Even the most devastating loss -- that of a child by a parent -- seems to carry an unwritten statute of limitations on grief, something I learned several years ago when I reported on an international organization called Compassionate Friends.

Founded in England in the late 1960s, the massive support network's chapters provide something that bereaved parents and siblings can't get from the rest of the world: "unconditional love and understanding" (as its informal credo states) with no expiration date.

As one member told me, she knew that a Compassionate Friends meeting was the one place she could go and never hear the unintentionally accusing question, "How many years ago did you say your child died?"

Grief is not like an illness, to be fought and cured with medicine or chemotherapy and radiation. Generalizations can be made about human behavioral tendencies, and time lines can be drawn for predicted "healing," but each person's grieving process is unique.

Some people never "get better." And nobody survives grief unchanged.

As Stephanie Ericsson wrote in "Companion Through the Darkness," grief is "a tidal wave that overtakes you, smashes down upon you with unimaginable force, sweeps you up into its darkness, where you tumble and crash against unidentifiable surfaces only to be thrown out on an unknown beach, bruised, reshaped."

Or, as a man who lost his 7-year-old son once confided, "I'd always thought of myself as a happy man, but that's gone now. We have moments of happiness, some of them long and filled with laughter, but the sense of what is lost is never far away."

In her book, Stephanie Ericsson also warned:

"Grief makes what others think of you moot. It shears away the masks of normal life and forces brutal honesty out of your mouth before propriety can stop you. It shoves away friends and scares away so-called friends and rewrites your address book for you."

- Kathleen

3 Comments:

Blogger KT said...

Thank you for that article; my grandfather (who basically helped raise me), passed away this past April from bain cancer. I wasn't sad at the funeral because he was gone, I was sad because I knew my mother would miss him terribly. I am going to forward that article to her. I am sure she will be touched.

Thanks again for your inspiration.

September 12, 2008 7:06 AM  
Blogger K.M. Camiolo said...

happy birthday...

this is the saddest song I've ever heard.

we live pretty close to NY. every town, every single town by us lost people. On this day in 2001 I drove to a street in my town where I could see the skyline, and the hole...the hole in MY skyline, it was just a big cloud in the middle of the horizon. I never knew NYC without the towers...

the grief is still so here. Pieces of the towers sit in towns here, memorials, fragments of before.

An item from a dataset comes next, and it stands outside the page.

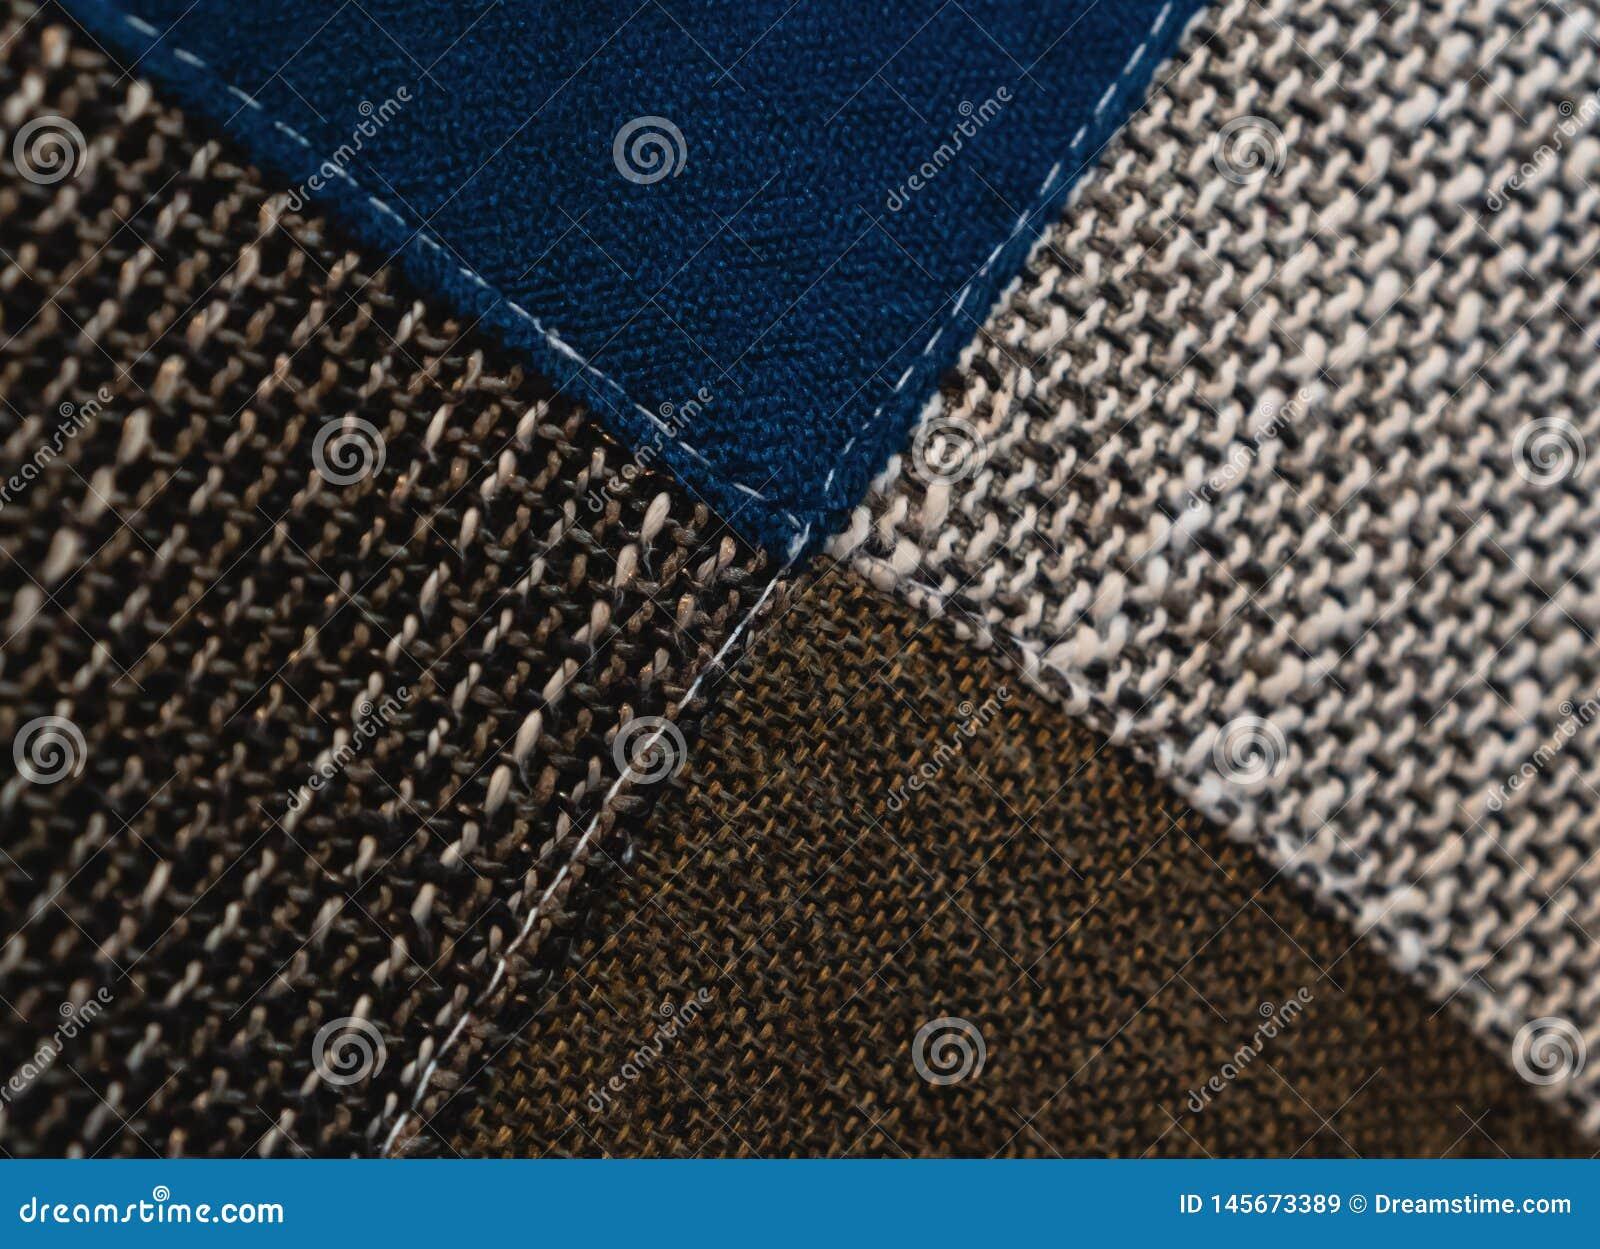 O teste padrão colorido da tela pode ser usado para o fundo

thanks...been realizing recently that my address book has shrunk in 4 years. I am scary. Nice to know I'm not the only one...but sigh already.

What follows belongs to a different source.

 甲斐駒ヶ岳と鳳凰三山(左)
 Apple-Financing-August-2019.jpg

thinking of you a lot as school starts. G is doing ok so far; her teacher runs a pretty laid back program, G is happy and not drowning in homework.

this song is so sad...
peace,
K, G's mom

September 13, 2008 8:05 PM  
Anonymous Anonymous said...

Thanks for this article. It definitely reflects my reality. By the way, Kathy, thank you for all the comments. Your observations give me a lot to think about.